Fotorzepa, Jakub Czermiński
Prezydent nie uchyla się od debaty – zapewniał w TVN24 senator PiS Jan Maria Jackowski.
Jackowski tłumaczył, że prezydent nie wziął udziału w debacie, którą chciały zorganizować TVN, Onet i Wirtualna Polska, ponieważ „zarzucał organizatorom debaty w TVN to brak porozumień między stacjami (telewizyjnymi)”, a także – jak dodał senator – „nie było żadnych ustaleń” z członkami sztabu wyborczego Andrzeja Dudy.
– W USA wszelkie szczegóły debat są ustalane między sztabami kandydatów – mówił.
– Moim zdaniem prezydent Andrzej Duda i prezydent (Warszawy) Rafał Trzaskowski powinni wystąpić w debacie organizowanej przez wszystkie trzy stacje telewizyjne – stwierdził Jackowski.
Jackowski mówił też, że w czasie, gdy miała odbyć się debata w TVN24, prezydent Duda „miał spotkanie w jednej ze stacji komercyjnych” (chodzi o wywiad udzielony Polsatowi – red.). – To nie jest tak że uchyla się od debat, jest otwarty – stwierdził.
Senator wyraził też nadzieję, że „stacje telewizyjne i sztaby będą się umiały porozumieć” i w przyszłym tygodniu odbędzie się debata między Dudą a Trzaskowskim, „bo tego oczekują Polacy”.
Polityk PiS był też pytany o słowa prezydenta Andrzeja Dudy, który w czwartek atakował „elity” i „tzw. warszawkę”.
– Prezydent starał się zwrócić uwagę, że Polska ma różne doświadczenia jeśli chodzi o standard życia – inaczej żyją mieszkańcy wielkich aglomeracji – stwierdził najpierw.

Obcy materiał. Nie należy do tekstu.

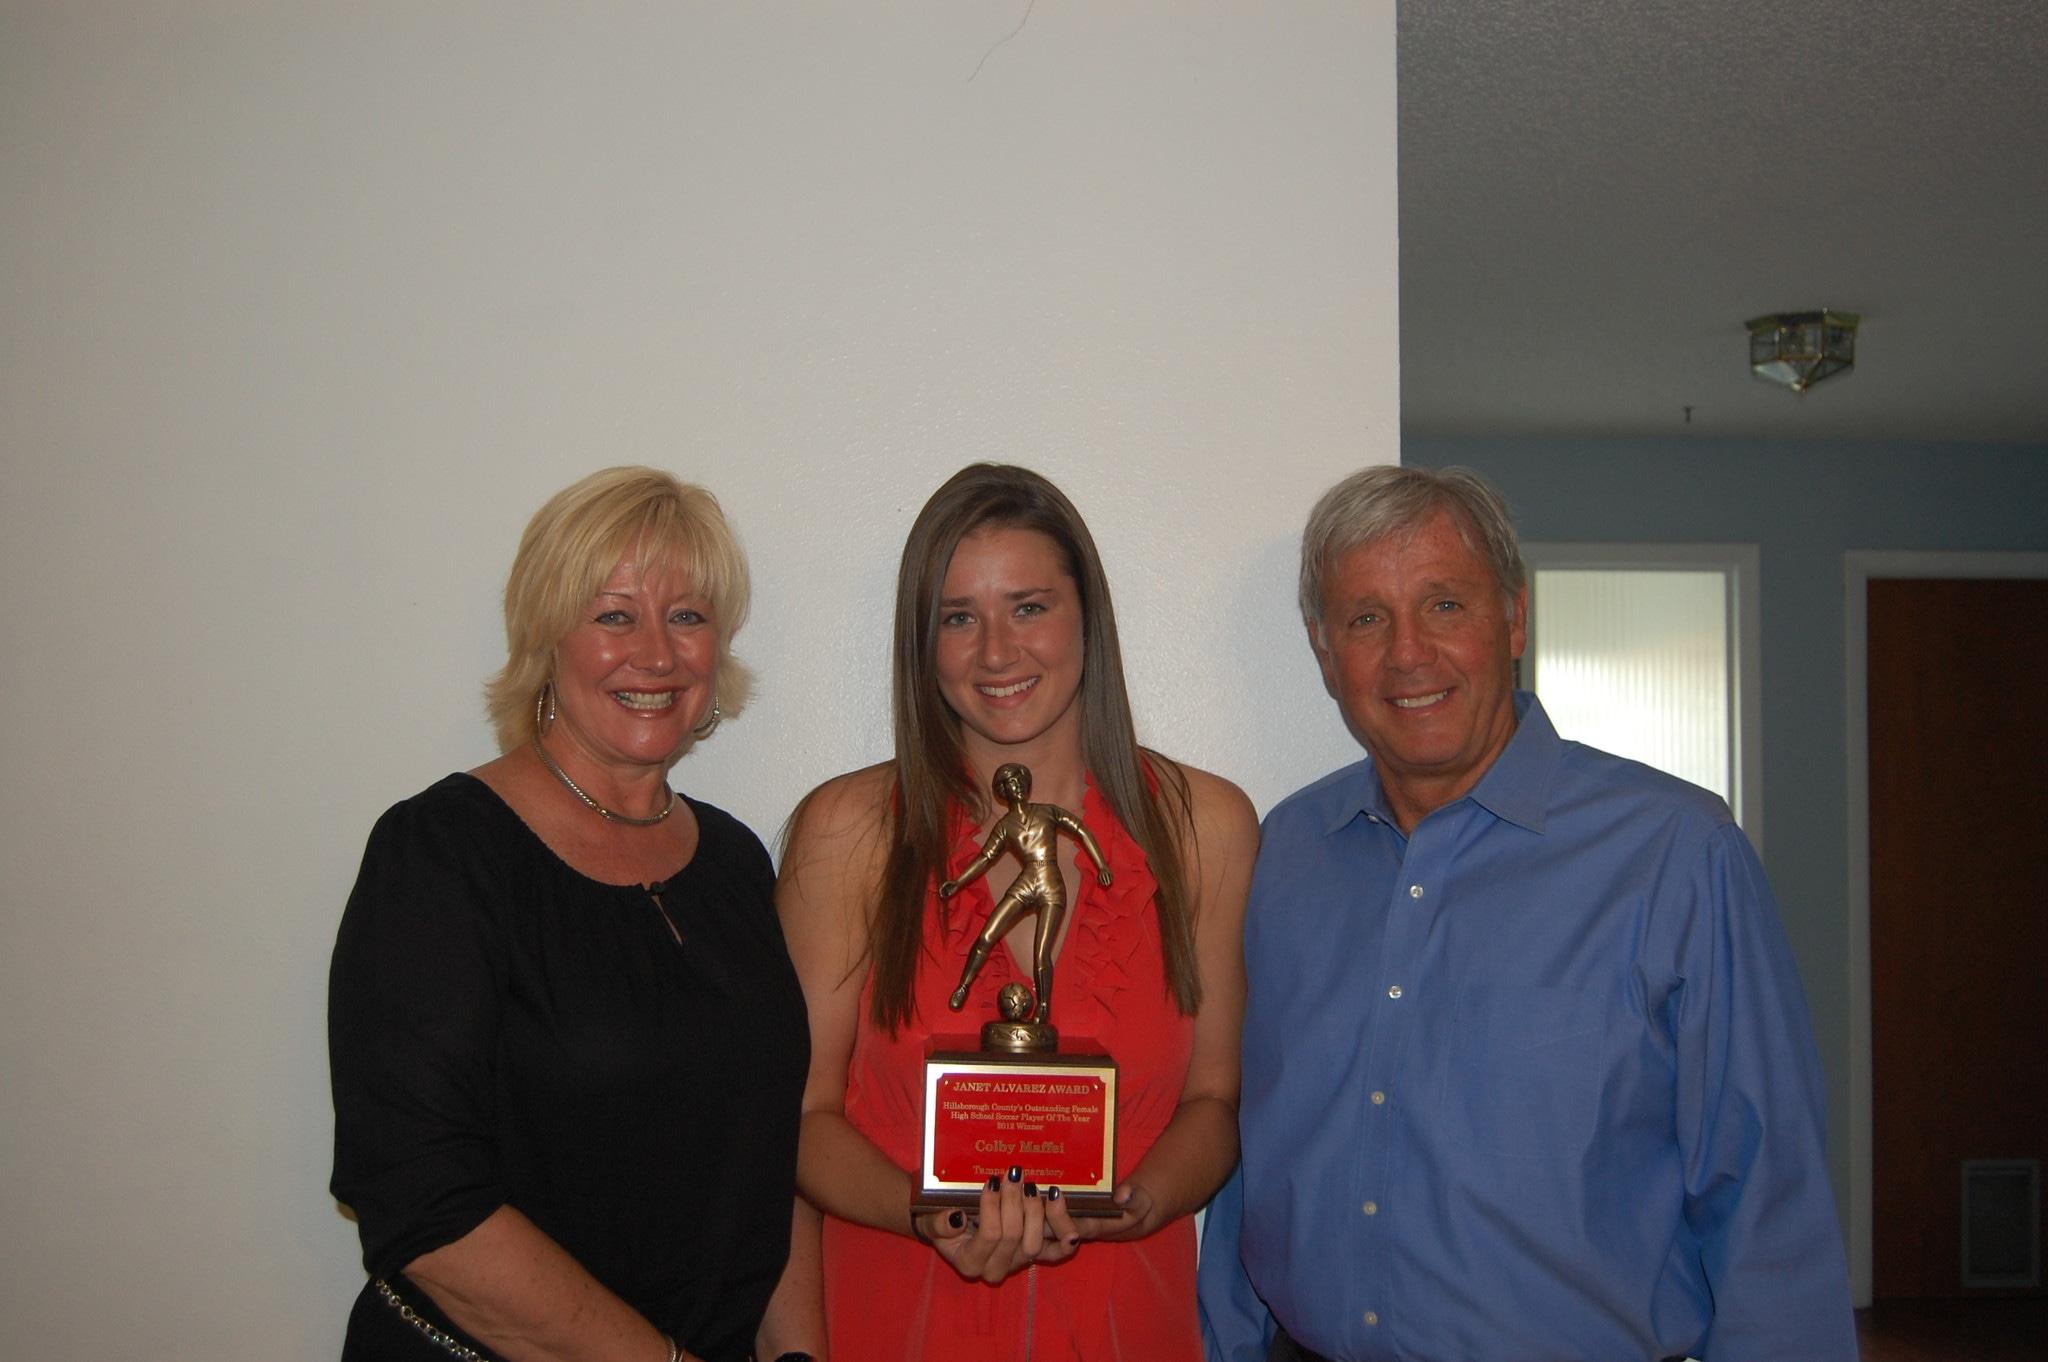 http://alvarezcpa.com/2012-soccer-award/maffei-family-2.JPG

– To jest też pewna odpowiedź na nakręcanie emocji w tej kampanii przez Trzaskowskiego, który przy każdej okazji próbuje w sposób miażdżący zwalczać swojego przeciwnika czyli prezydenta Andrzeja Dudę, chociaż obaj panowie mają bardzo wiele podobieństw – dodał Jackowski. Wśród podobieństw wymienił to, że zarówno Duda, jak i Trzaskowski urodzili się w 1972 roku, „obaj są doktorami w swoich specjalnościach, obaj są wykładowcami akademickimi” i obaj zaczynali karierę w podobnym środowisku politycznym (Andrzej Duda był w przeszłości działał w Unii Wolności).